Seeing as we haven't even made it out of Colombia after a month of travel, the original plan to do carnival in Rio had to be put off until another year. Conveniently, we discovered that Barranquilla is home to the second largest Carnival! With only a vague promise of a hotel that wasn't booked (we had called from the middle of the jungle in tyrona with someone's gps phone) we hopped on another crowded bus for the two hour trip. The bus rides have become increasingly crowded near the coast, and increasingly nerve racking as each pothole is a test of my trust that the driver did a good job tying the backpacks to the roof... Each trip also takes much longer because the drivers are constantly picking up random people off the street. Only when every seat is filled can the journey really begin.
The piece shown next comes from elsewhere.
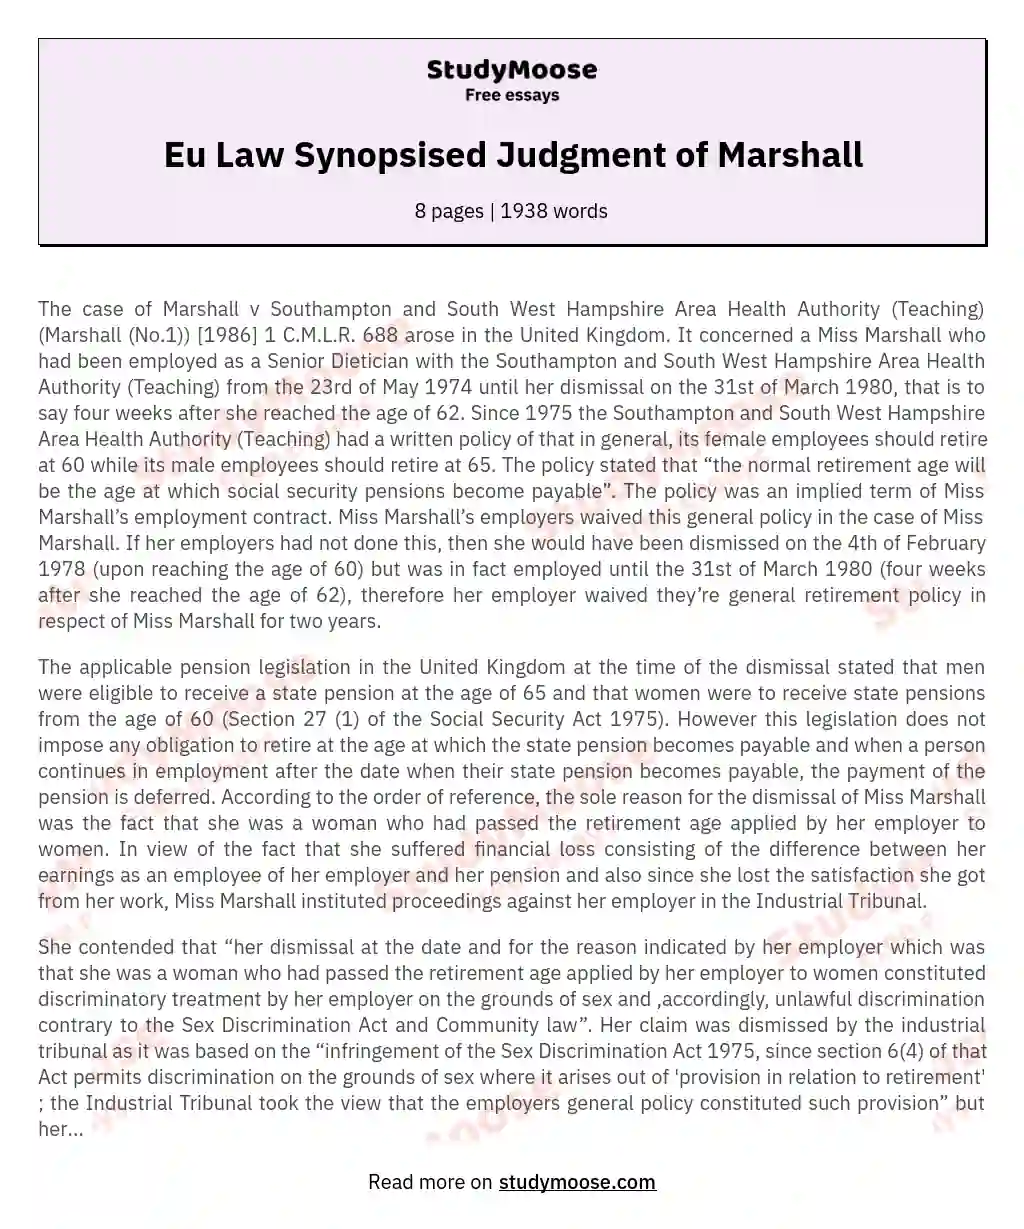 Eu Law Synopsised Judgment of Marshall essay

With some mild difficulty we found our way to the Barranquilla inn. The only room left was the honeymoon suite: wood ceilings, jacuzzi room, rooftop patio, air conditioning, the works. The spa room was a funny addition considering there was no hot water.. But the roof had some perfect hammock spots! At 70 a night it was expensive for Colombia but I became increasingly grateful for the break from the noise and crowds of the festivities.
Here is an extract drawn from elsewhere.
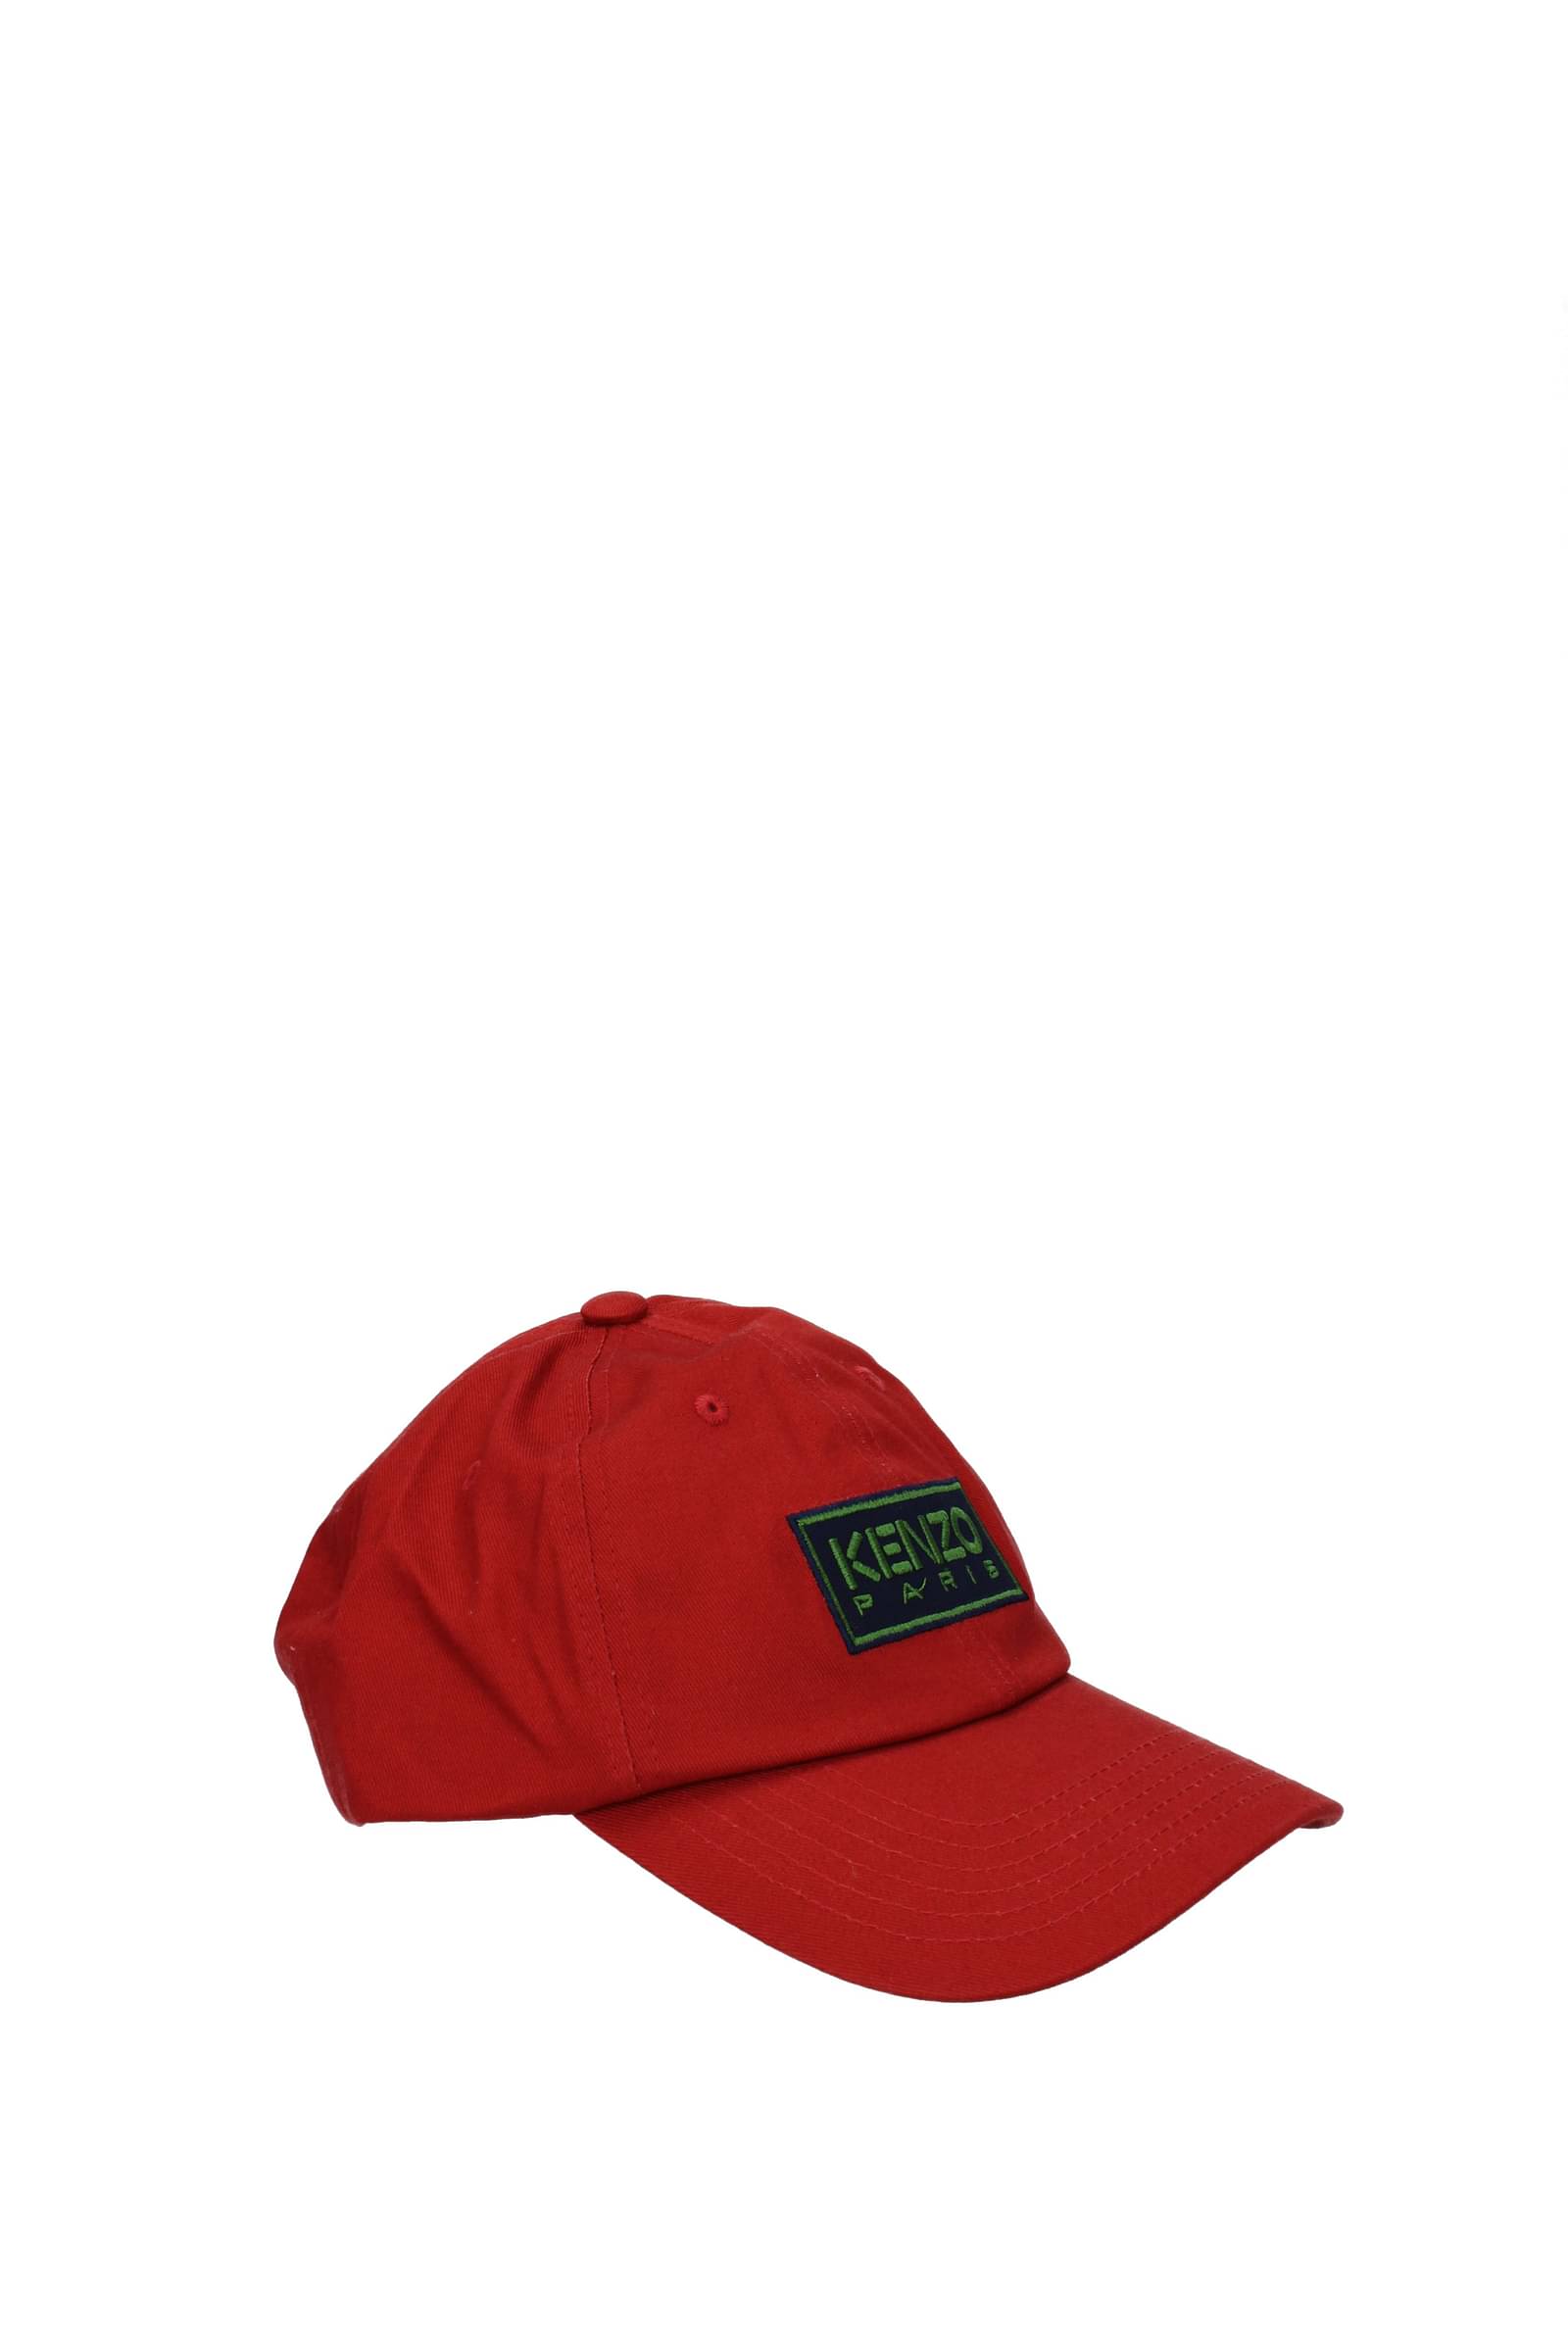 Kenzo 帽子男士5AC911F3221 棉花红色暗红色66€

Carnival is essentially a straight week of parades, parties, and endless foam/flour wars. Every restaurant, bar, and hotel is decked out with decorations and festive music. Walking down the street you will see costumes ranging from body paint to clown suits. Even the homeless participate, although not in the friendliest of ways. Covered from head to toe in black body paint they scare people for money with fake weapons...

A really cool part about going to Barranquilla for carnival was that there were virtually no westerners. While being obvious gringos carries some risk, the benefits are worth it. Parades become interactive events, much more fun as I'm not a fan of spectating. Ironically the dancers would ask to take pictures of us rather than vise versa. Instead of walking along the sidelines to get from A to B we just hopped right in the street and danced to our destination with the elaborately clad locals. At times we were even mobbed by crowds of 50 people all wanting a picture! Everyone was friendly and it was great just to go with the flow and see where we ended up.

As you can see from all the pictures, carnival is really messy... The main downside of the gringo effect is that every little kid (and many adults) we passed hit us with blasts of flour and foam. Vendors were selling it everywhere. After a few dollar beers it becomes an epic battle. Every morning I woke up looking like a ghost. That spa/shower room was a lifesaver.

Although we were in a hotel, couch surfing allowed us to instantly make a ton of friends. The group planned places to meet before the parades where everyone could get to know each other and share stories. It's a much better experience being at these events in a group. You get advice from locals, learn about the culture, and it also gives Greg and I a break from overexposure.